____ INFORMATION SHOWN
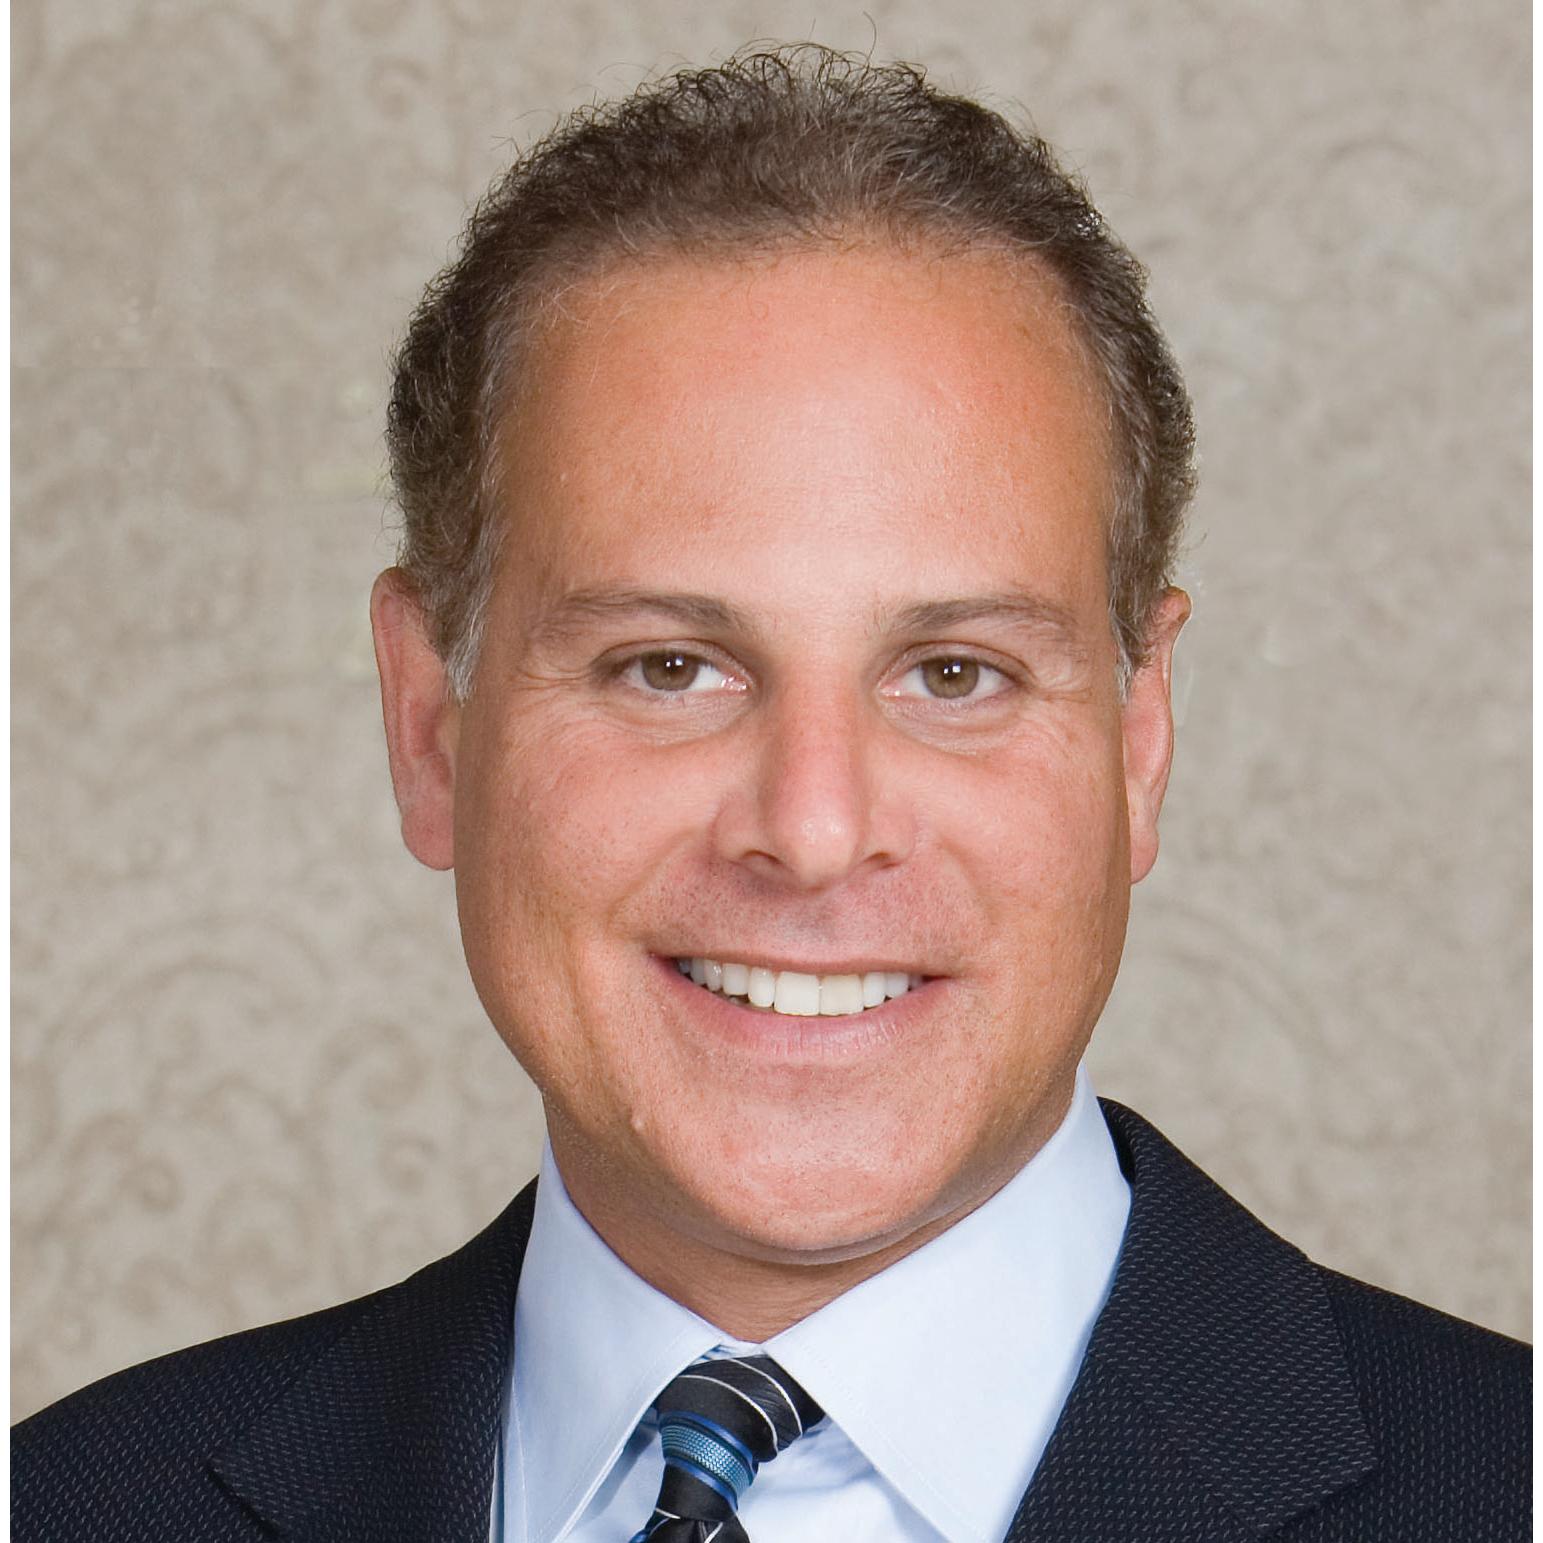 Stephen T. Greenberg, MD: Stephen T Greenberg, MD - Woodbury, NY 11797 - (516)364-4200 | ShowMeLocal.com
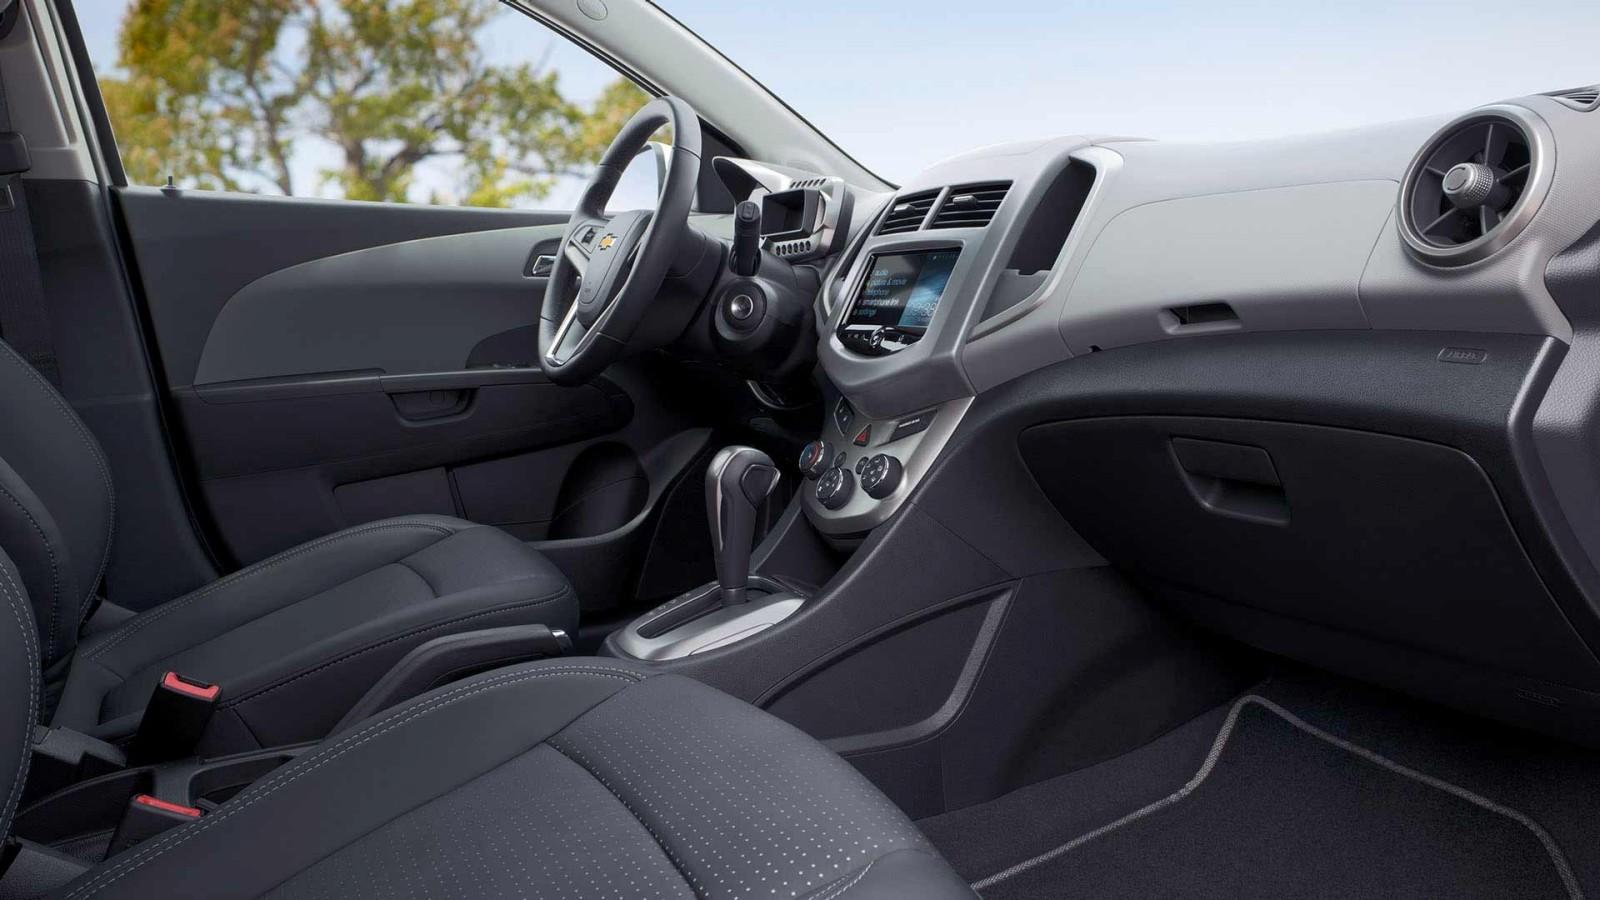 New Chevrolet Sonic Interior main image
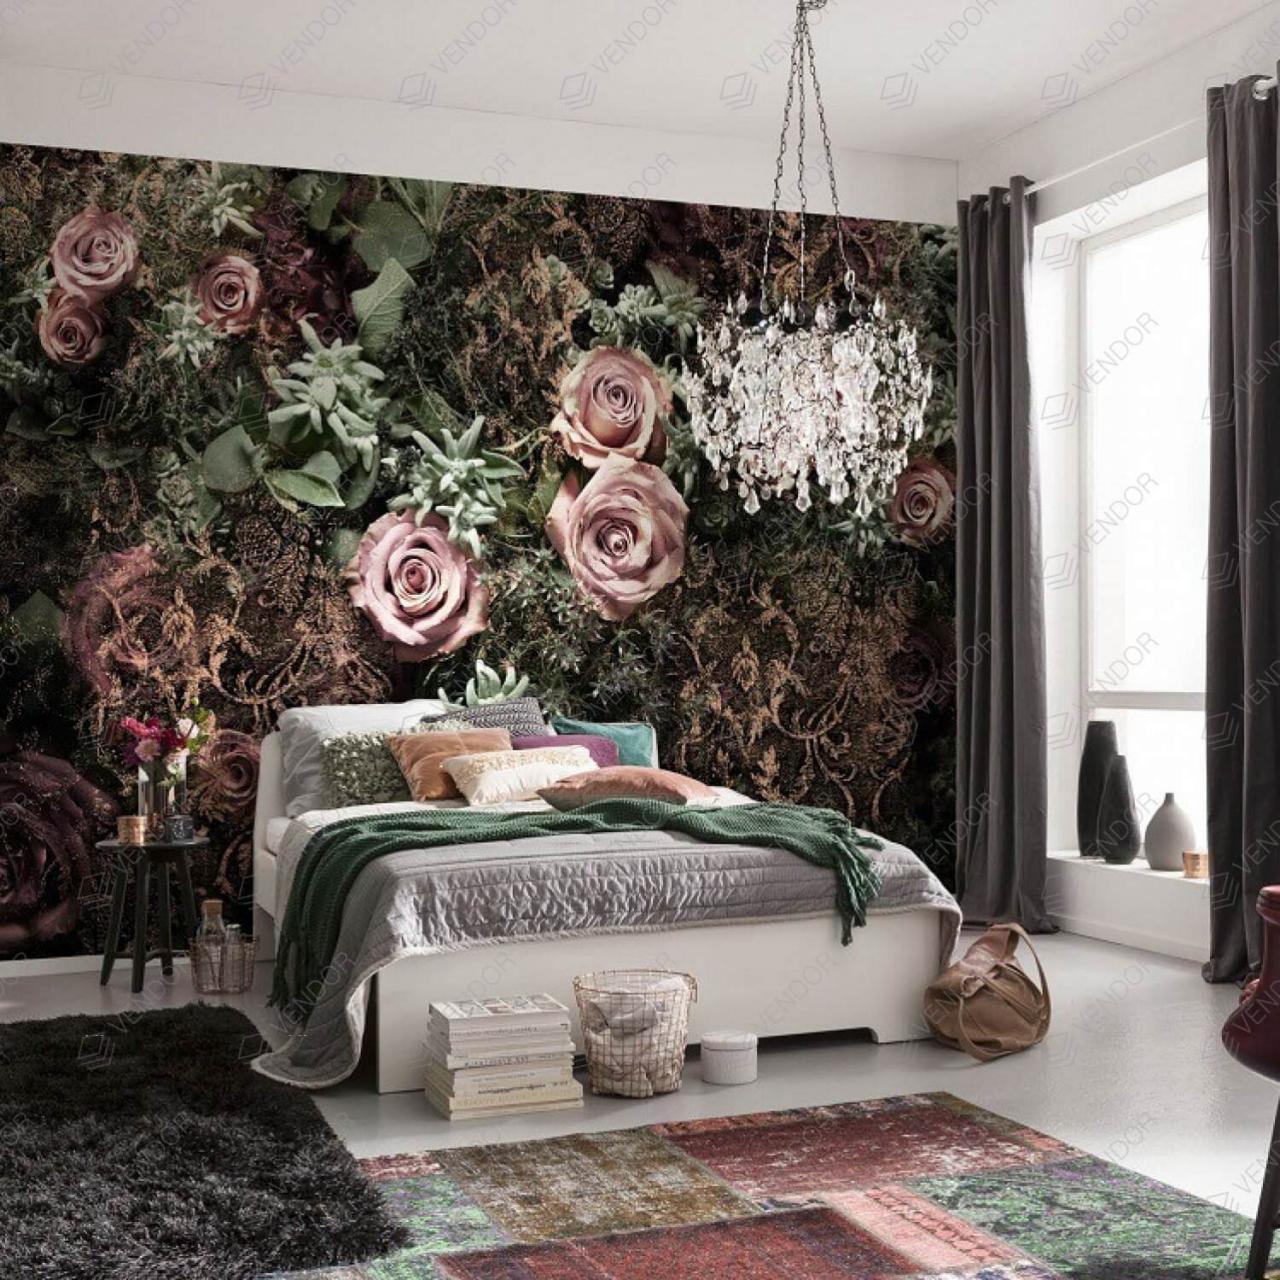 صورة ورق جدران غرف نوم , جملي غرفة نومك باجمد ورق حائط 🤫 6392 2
________
_WORK ITEM_
Leave out the pictures and retype every line above exactly.

_RESPONSE TO THIS EXERCISE_
 Stephen T. Greenberg, MD: Stephen T Greenberg, MD - Woodbury, NY 11797 - (516)364-4200 | ShowMeLocal.com
 New Chevrolet Sonic Interior main image
 صورة ورق جدران غرف نوم , جملي غرفة نومك باجمد ورق حائط 🤫 6392 2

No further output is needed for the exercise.